> [Problem to work on] Give back every line of the material below exactly, but no images.

> [Dataset excerpt]
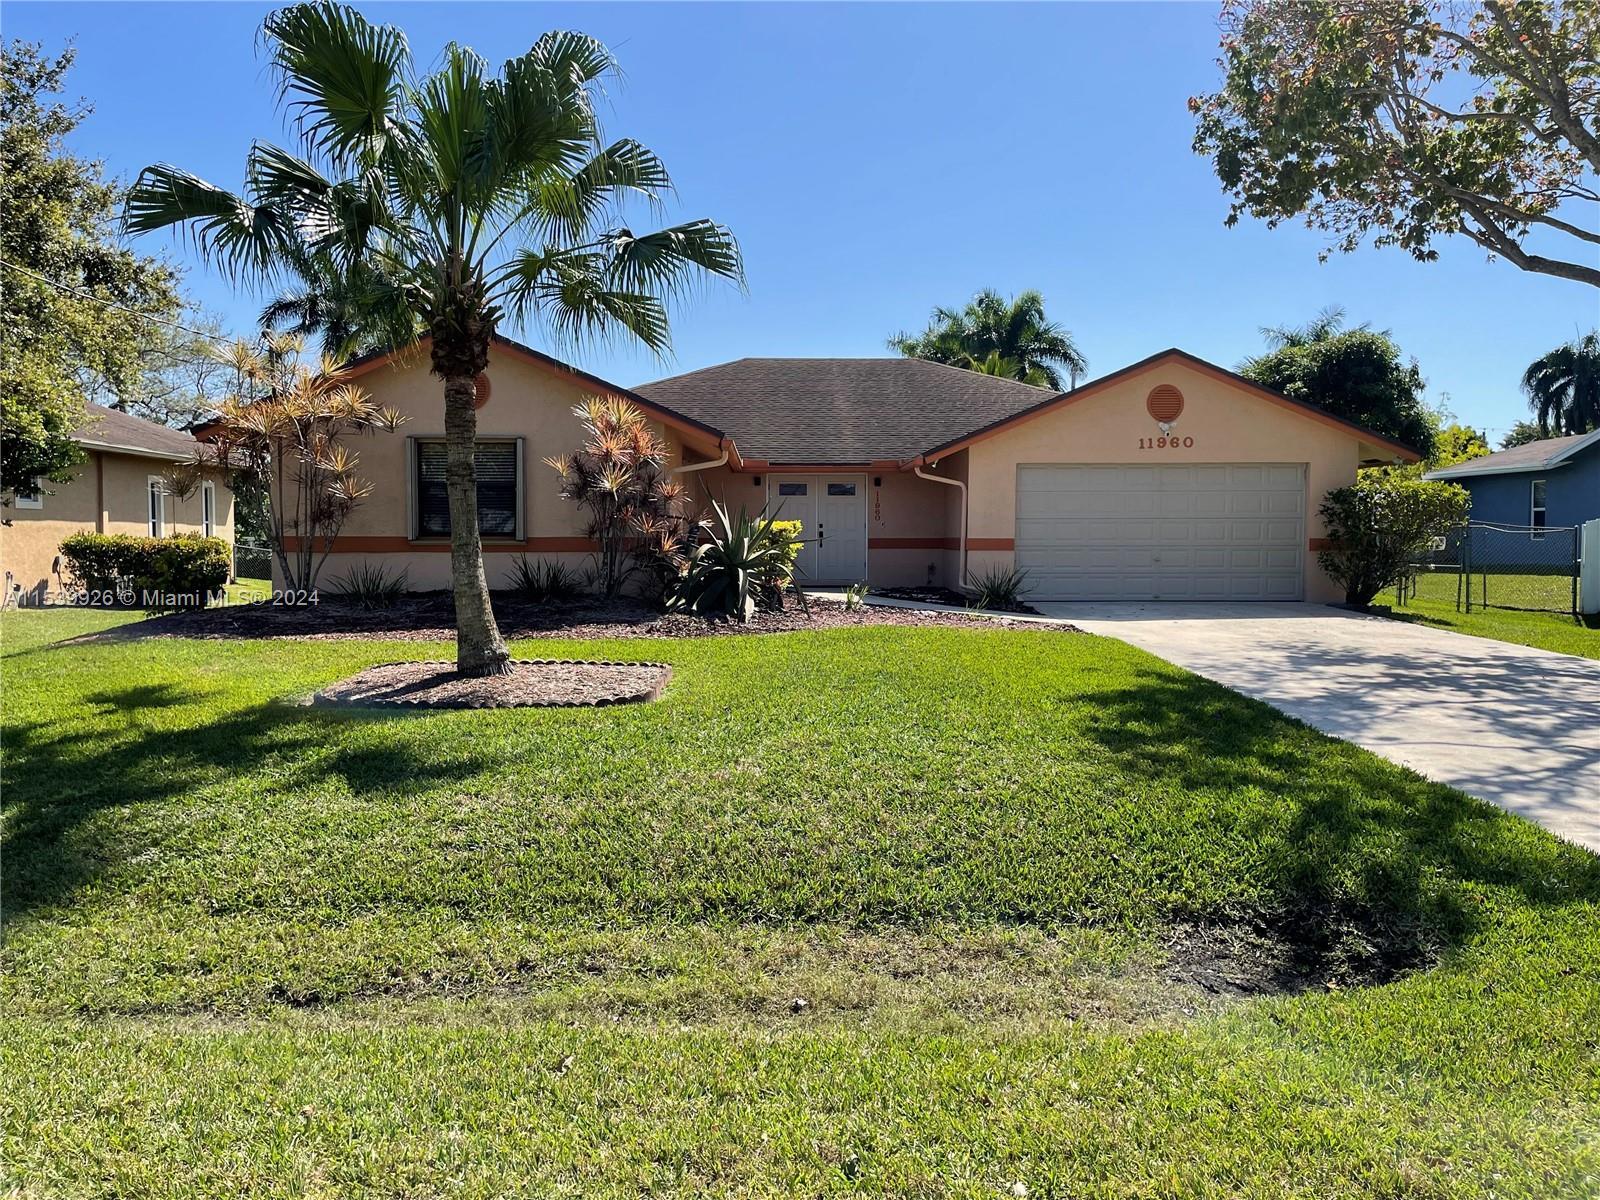 Photo of 11960 NW 27th Ct in Plantation, FL
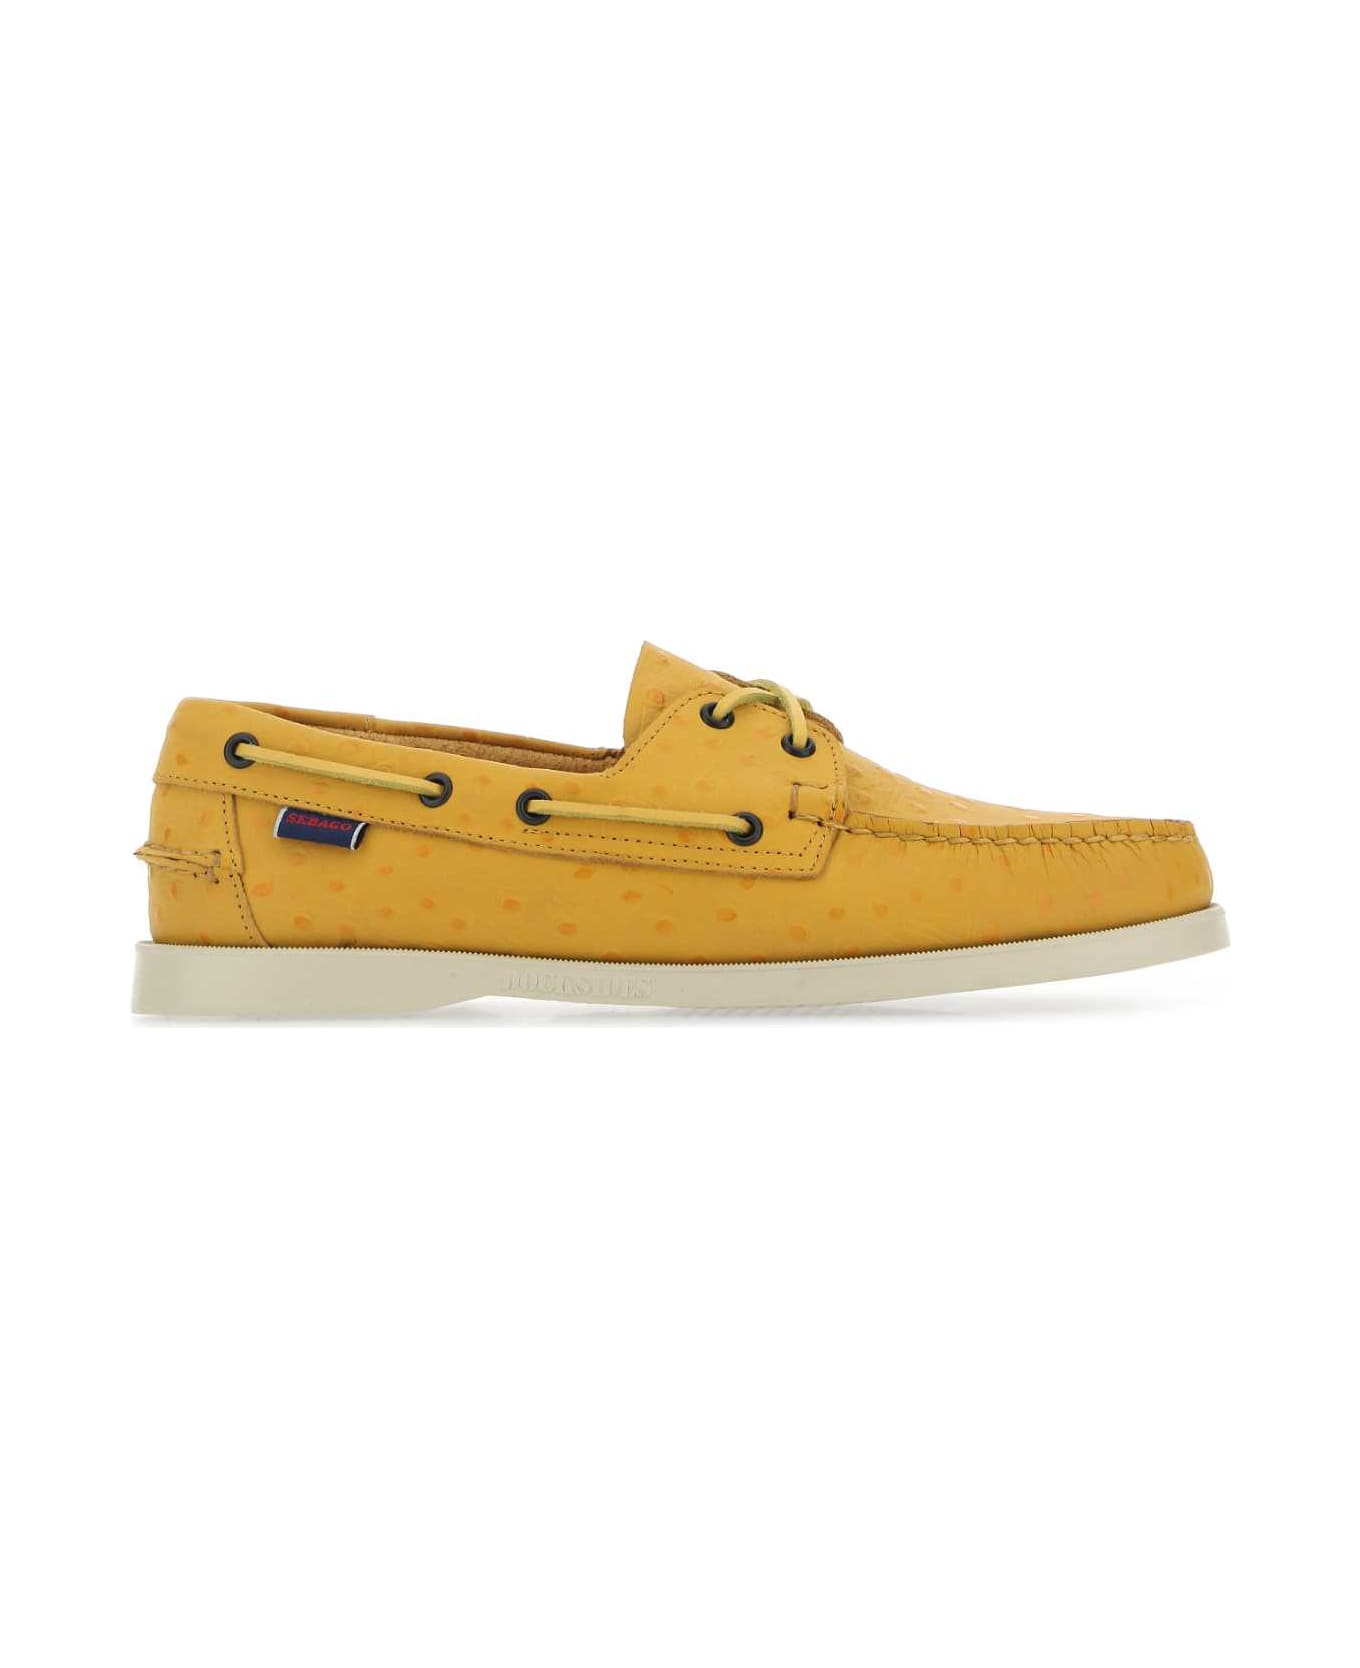 Sebago Yellow Leather Docksides Loafers - XQ9
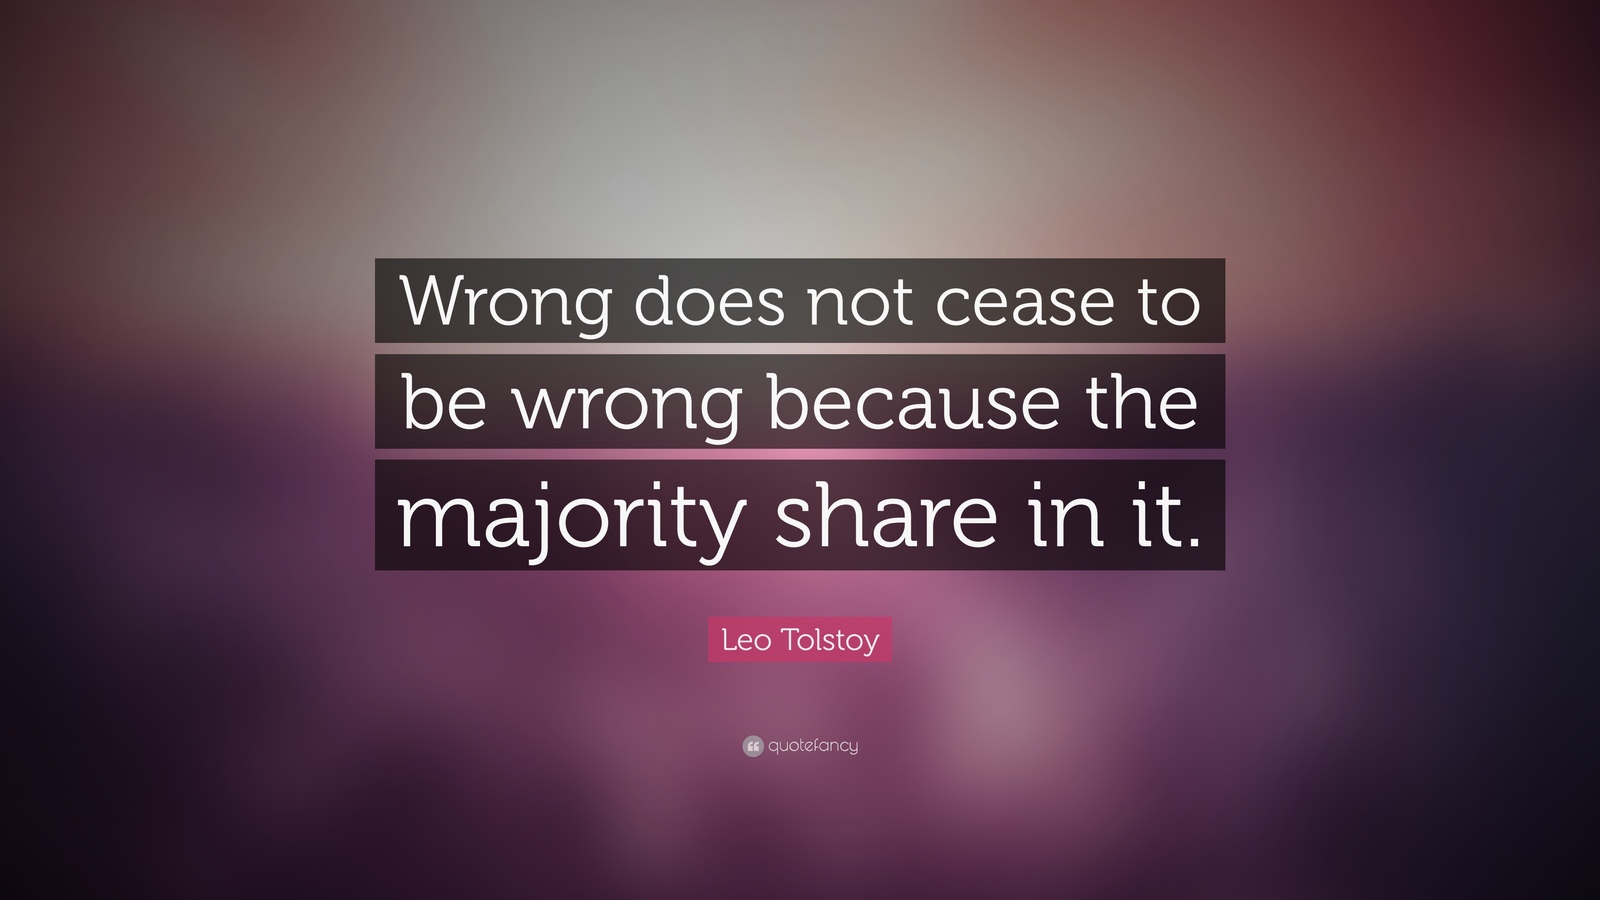 8870-Leo-Tolstoy-Quote-Wrong-does-not-cease-to-be-wrong-because-the.jpg

> [Answer area]
 Photo of 11960 NW 27th Ct in Plantation, FL
 Sebago Yellow Leather Docksides Loafers - XQ9
 8870-Leo-Tolstoy-Quote-Wrong-does-not-cease-to-be-wrong-because-the.jpg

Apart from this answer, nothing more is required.